Schneiderman, cuya empresa comercializa tours culturales para afroamericanos y americanos descendientes de mexicanos, dice que se quedó impresionada con la extensa gira que dio por la costa litoral del Pacífico y por la península de Guajira, rica en música de marimba, puntos de observación de ballenas y artesanía, y espera poder ofrecer en breve viajes a esos lugares. "Los afroamericanos quieren aprender sobre la diáspora de los antiguos esclavos también en otros países", dijo.

El sector inmobiliario de Cartagena también se está lucrando con el reciente avance del país en el sector del turismo. Proliferan los proyectos residenciales de condominios de lujo para colombianos y extranjeros que desean adquirir casas para el periodo vacacional. Es el caso de Karibana, un condominio de 900 casas y hotel a 12 kilómetros al nordeste de la ciudad con un campo de golf diseñado por Jack Nicklaus prácticamente terminado. La promotora Megaterra, de Bogotá, dice que Karibana está en línea con los proyectos de turismo residencial exclusivos de la región, como Cap Cana, en República Dominicana, y Mayakoba, en México. "Cartagena es como Cancún [en México] hace 30 años", dice Joseph Mildenberg, ejecutivo colombiano de 28 años de Megaterra. "El potencial aquí y en dirección al norte a lo largo del Caribe y de la península de Guajira es ilimitado".

"Persiste el estigma"

Pero aún es demasiado pronto para hablar de boom turístico. El ranking de destinos turísticos globales elaborado por el Foro Económico Mundial mostró que la industria colombiana del turismo tan solo representa un 1,8% de la producción económica total del país —un porcentaje muy distante, por lo tanto, de la contribución de la industria en otras economías de la región, como la de Costa Rica (un 5,7%), Panamá (un 5,6%), México (un 4,4%), Perú (un 2,8%) y Brasil (un 2,4%).

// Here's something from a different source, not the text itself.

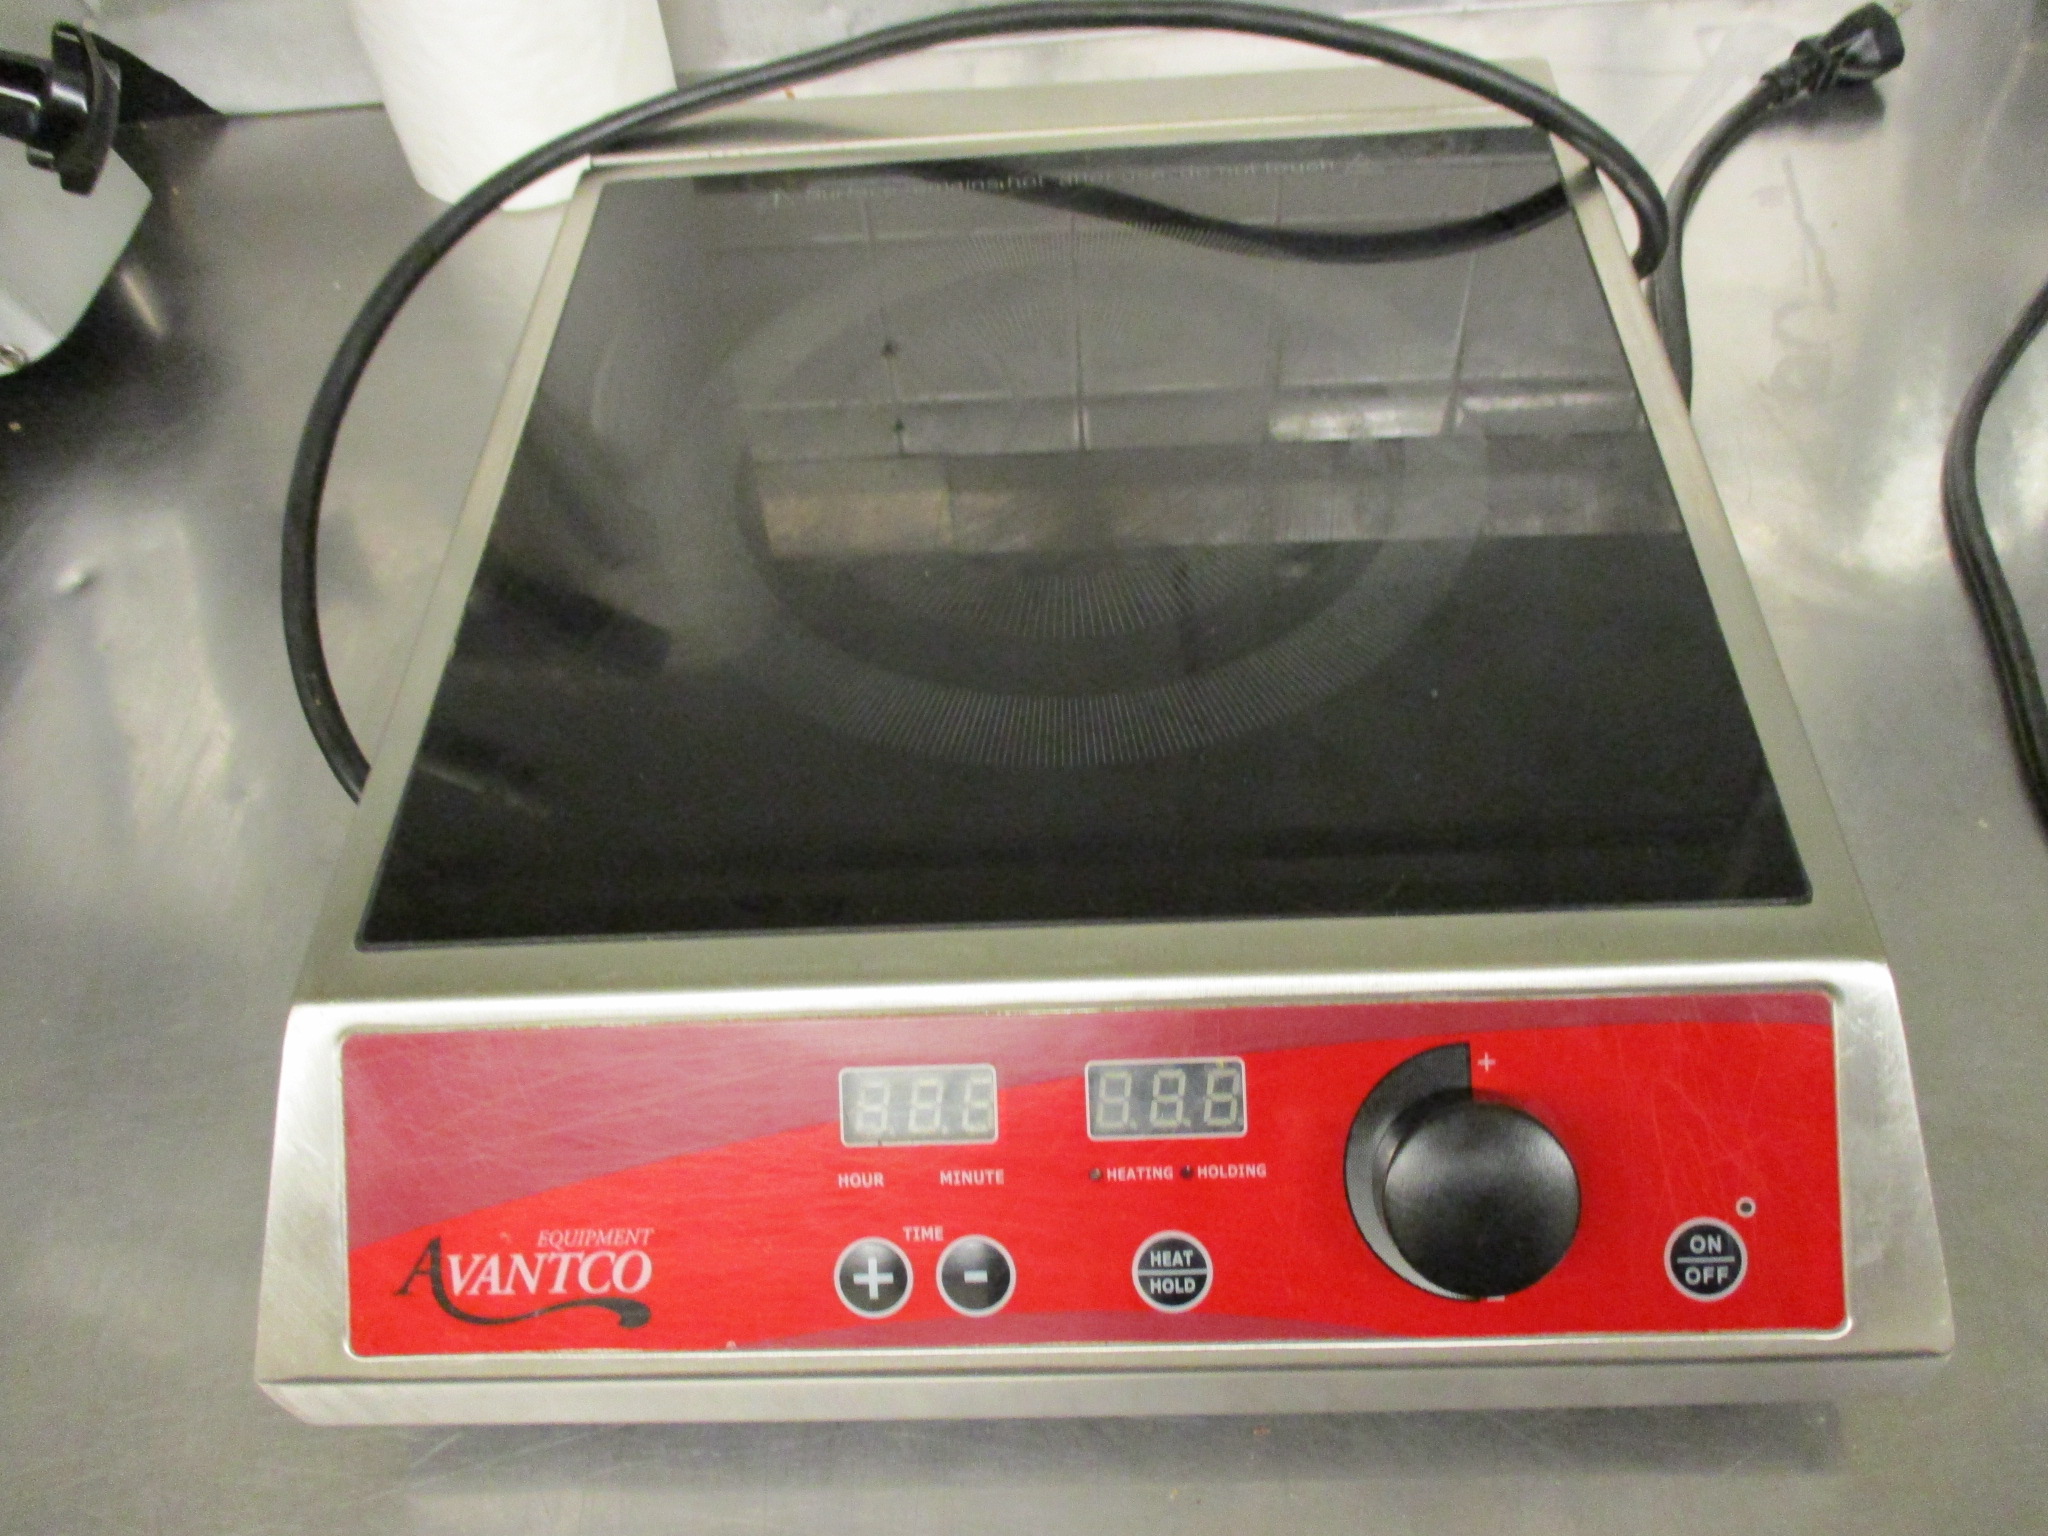 Avantco IC18DB Double Countertop Induction Range / Cooker - 120V

Pérez, del Banco de Bogotá, dice que una desventaja de Colombia es que al país le falta un destino turístico emblemático, como es el caso de Machu Picchu, que lo haga diferente de otros destinos de la región, "aunque estamos trabajando para que Cartagena llene esa laguna". Pérez dice que los ataques de las guerrillas y el tráfico de drogas "continúan siendo un estigma, incluso en el caso de aquellos que saben que la seguridad ha mejorado en la región".

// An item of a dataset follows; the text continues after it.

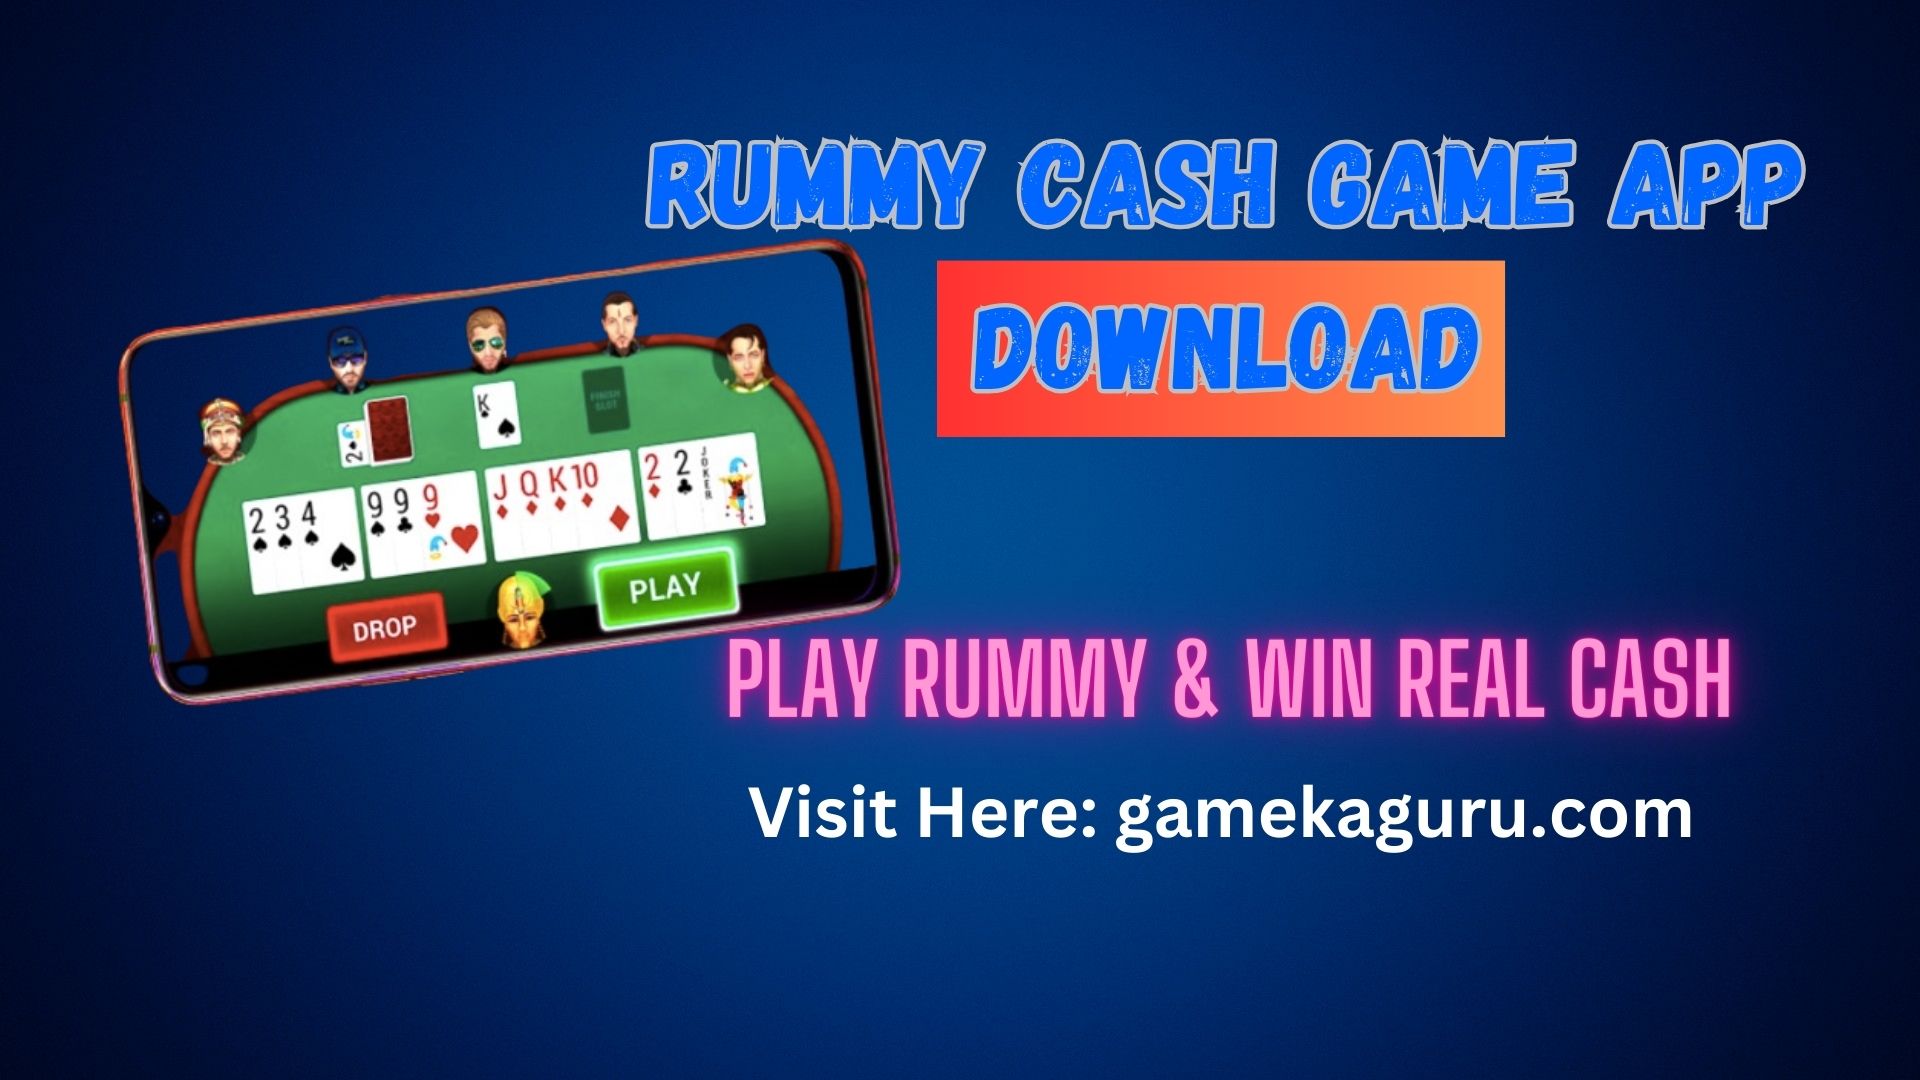 Rummy Cash Game App Download

La reciente caída en el tráfico de cruceros ha llevado a algunos ejecutivos de Cartagena a preguntarse qué está sucediendo. Finalmente, después de varios años de crecimiento, ya no estaban acostumbrados a las malas noticias. Para solucionar el problema, hay quien dice que Cartagena necesita más vuelos internacionales directos; otros dicen que los hoteles de la ciudad deberían comenzar a cobrar una tasa por el uso de las habitaciones, de manera que puedan montar un centro de convenciones y de visitas, lo que ayudaría a vender la imagen de la ciudad en el exterior.

Hay espacio también para las actividades emprendedoras locales, observa Toya Maldonado de Espinosa, propietaria de Tierra Magna, empresa colombiana de guías y de logística turísticas. Después de entrevistar a los pasajeros de diversos navíos, Maldonado constató que hay varios temas recurrentes —por ejemplo, a la parte histórica de la ciudad le faltan cosas básicas como placas de señalización, baños y guías de viaje. "Constatamos que las personas que llegaban en los navíos visitaban las murallas y el fuerte, pero no recibían información alguna sobre la historia de esos lugares", dice Maldonado. Como resultado de las investigaciones, la empresa invirtió US$ 150.000 en la producción de guías de audio en cinco idiomas, que se pueden alquilar en los hoteles. Es una forma de ayudar a llenar el vacío, dice, "pero el sector privado no puede hacerlo todo solo".

Sierra, de la Universidad de Cartagena, añade que la ciudad necesita un plan de acción de mayor tamaño para que el turismo pueda lidiar con las cuestiones que Maldonado ha encontrado en sus investigaciones, sin olvidar también la cuestión de los vendedores ambulantes, del tratamiento de alcantarillado y de la educación de la comunidad sobre los beneficios del turismo. "El plan definiría la visión de lo que deseamos ofrecer a los turistas y de qué manera sería posible obtenerlo", dice Sierra. "Ahora que hemos conseguido atraer tantos visitantes, lo mejor es cuidar bien de ellos".